Studying for an FIA actuarial exam? 8-)
As @whuber said, knowing the expected value is key. What is an expected value? Simply (and probably non-rigorously), it can be thought of as the long-term average. If the company wrote this policy for one million blocks of three years, then the total amount they paid over those blocks divided by a million would be very close to the "expected value".
Insurance works on the principle that even though any one person's risk is too volatile to measure with any certainty, a pool of risks is much more tractable and measurable. So while said insurer would not want to write just one policy, if they write 100,000 such policies, they will have a much better chance of having the actual average loss they experience be close to the expected value. Because there is volatility, one must add a contingency/volatility/profit load which in this case is the $£100$.
Now, to the case in question - the expected value in this case would be the sum of the expected payments over the three years. There is a $10\%$ chance the system fails in year $1$. If it does, the payout is $£3000$ so the expected payment in year 1 is $£300$. For the system to fail in year $2$ it must have survived year $1$, so the expected loss is $0.9\cdot0.1\cdot£2000$ or $£180$. Similarly for year $3$ the system has to survive for two years and then fail, so the expected loss is $0.9^2\cdot0.1\cdot£1000$ or $£81$. So the total expected loss for the insurance policy is $£561$. What this means is if the company writes one million of these policies, they can be rather sure that their sum total loss will be very close to $£561,000,000$. Since the company wants to make an average profit of $£100$ one each policy, they should charge $£661$.

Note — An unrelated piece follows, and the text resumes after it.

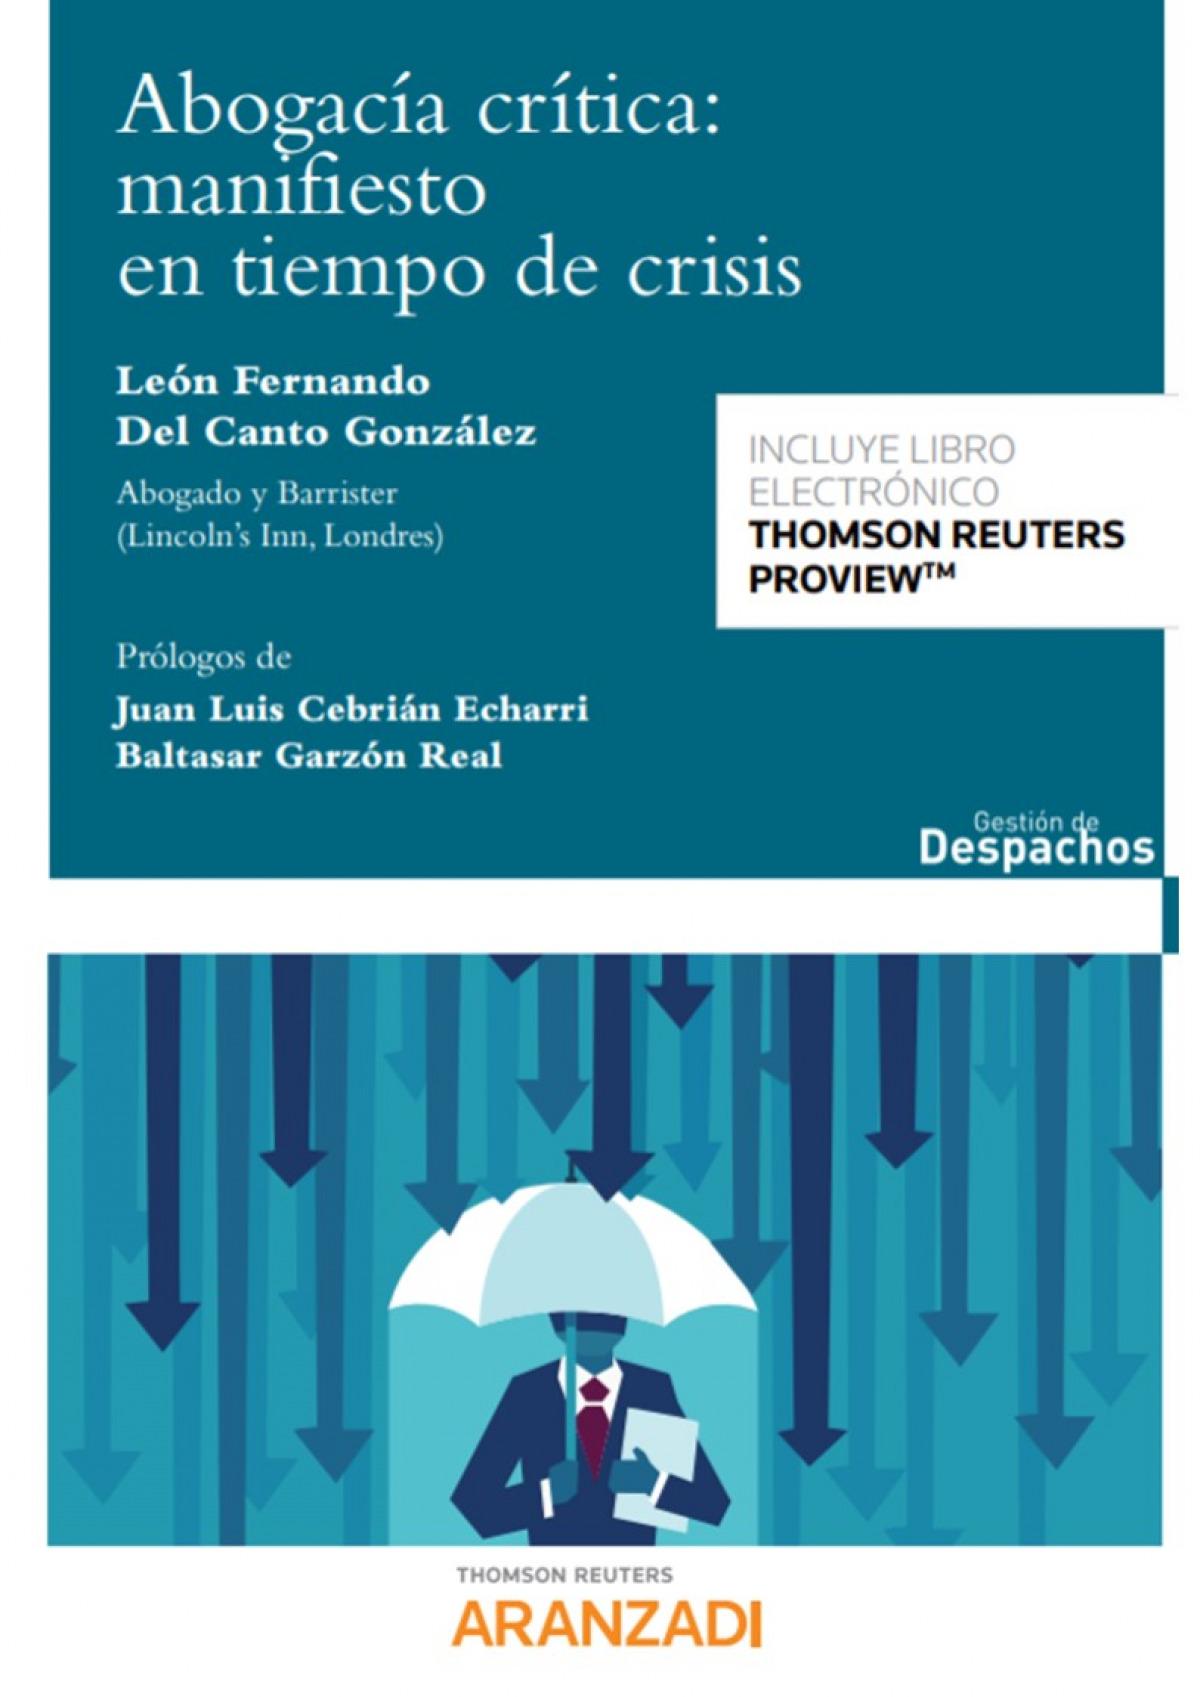 Abogacía Crítica: manifiesto en tiempo de crisis (Papel + e-book)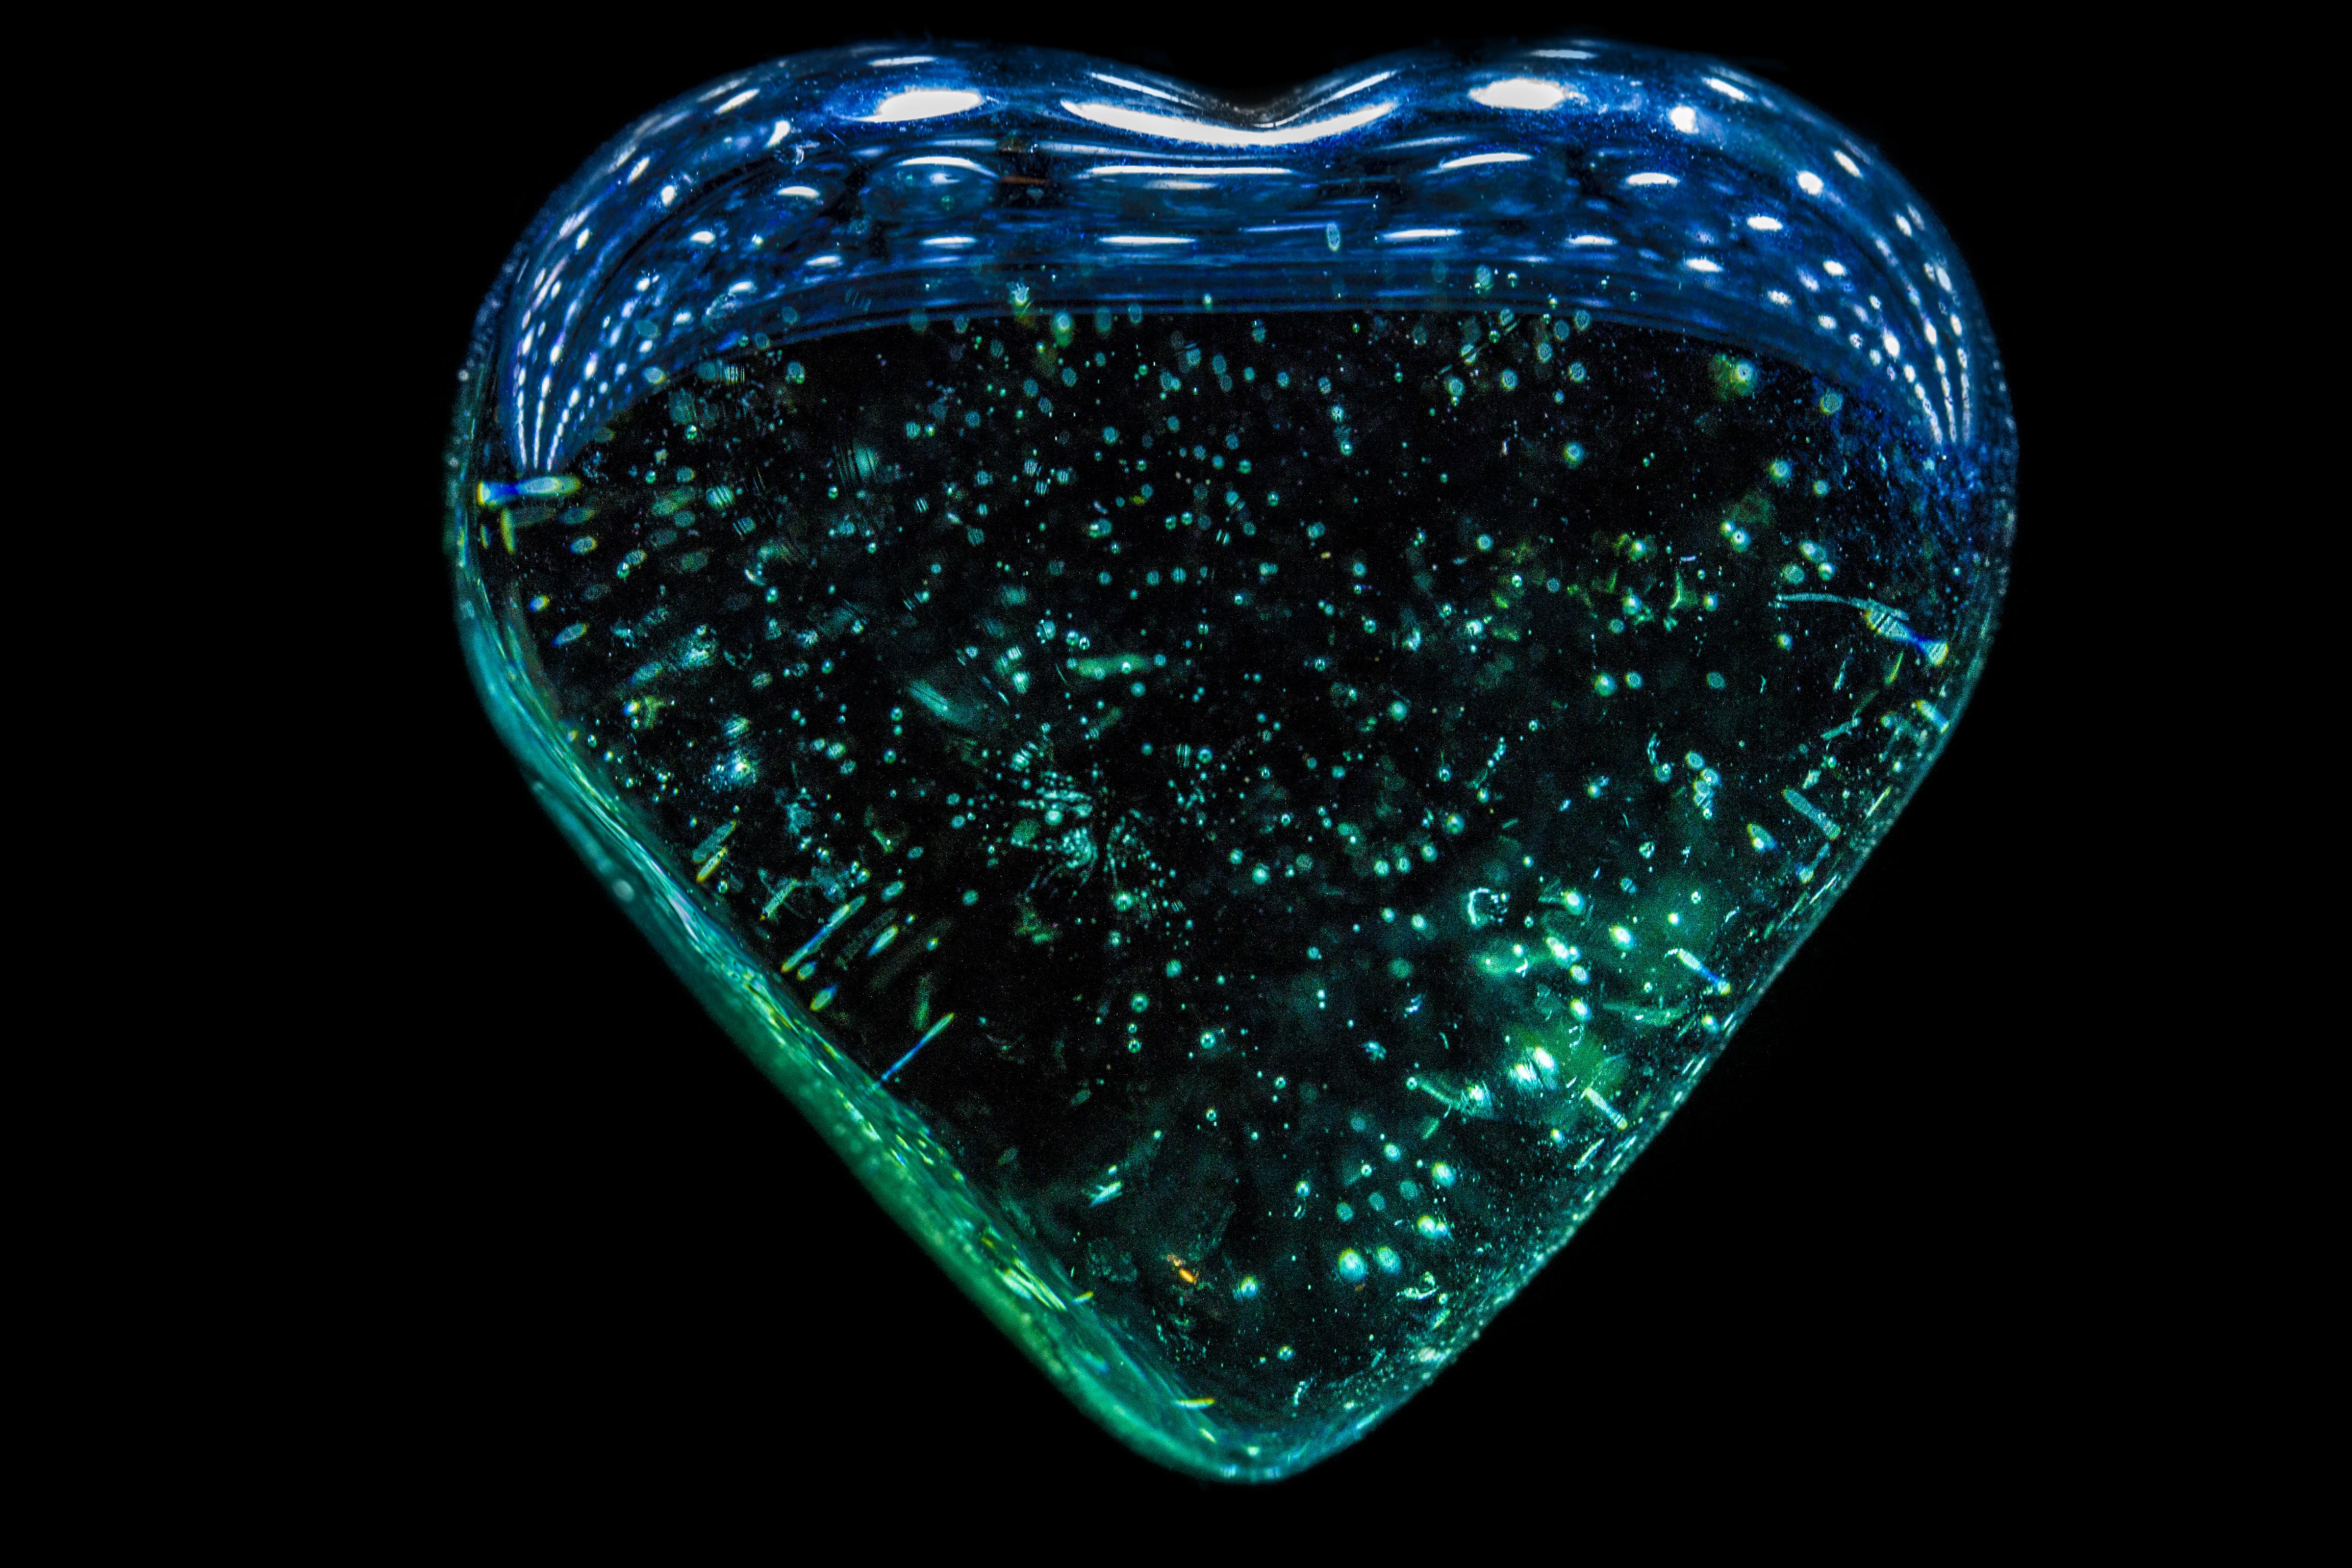 Kostenlose foto : Herz, blau, menschlicher Körper, Schmuck ...

As for the second question, it is a matter of understanding the proportion that each ring and center bullseye is of the the total area of the circle, as having a uniform distribution means that the shooter is rather wild and can land the shot on any point within that circle equally. The area of the total circle is $64\pi$. The area of the bullseye is $1^2\pi$, the area of the five-point ring is the area of its circle minus the area of the bullseye, which is is $3^2\pi - 1^2\pi = 8\pi$. Similarly, the area of the three-point ring is $5^2\pi - 3^2\pi = 16\pi$ and there are no points in the remaining $8^2\pi - 5^2\pi = 39\pi$. The $\pi$ all cancel in the ratios, and we have the following probability:
$$
\frac{0\cdot 39 + 3 \cdot 16 + 5 \cdot 8 + 10 \cdot 1}{64} = \frac{98}{64} \approx 1.53
$$
So this persons expected "points-per-shot" is $\frac{98}{64}$ or about $1.53$.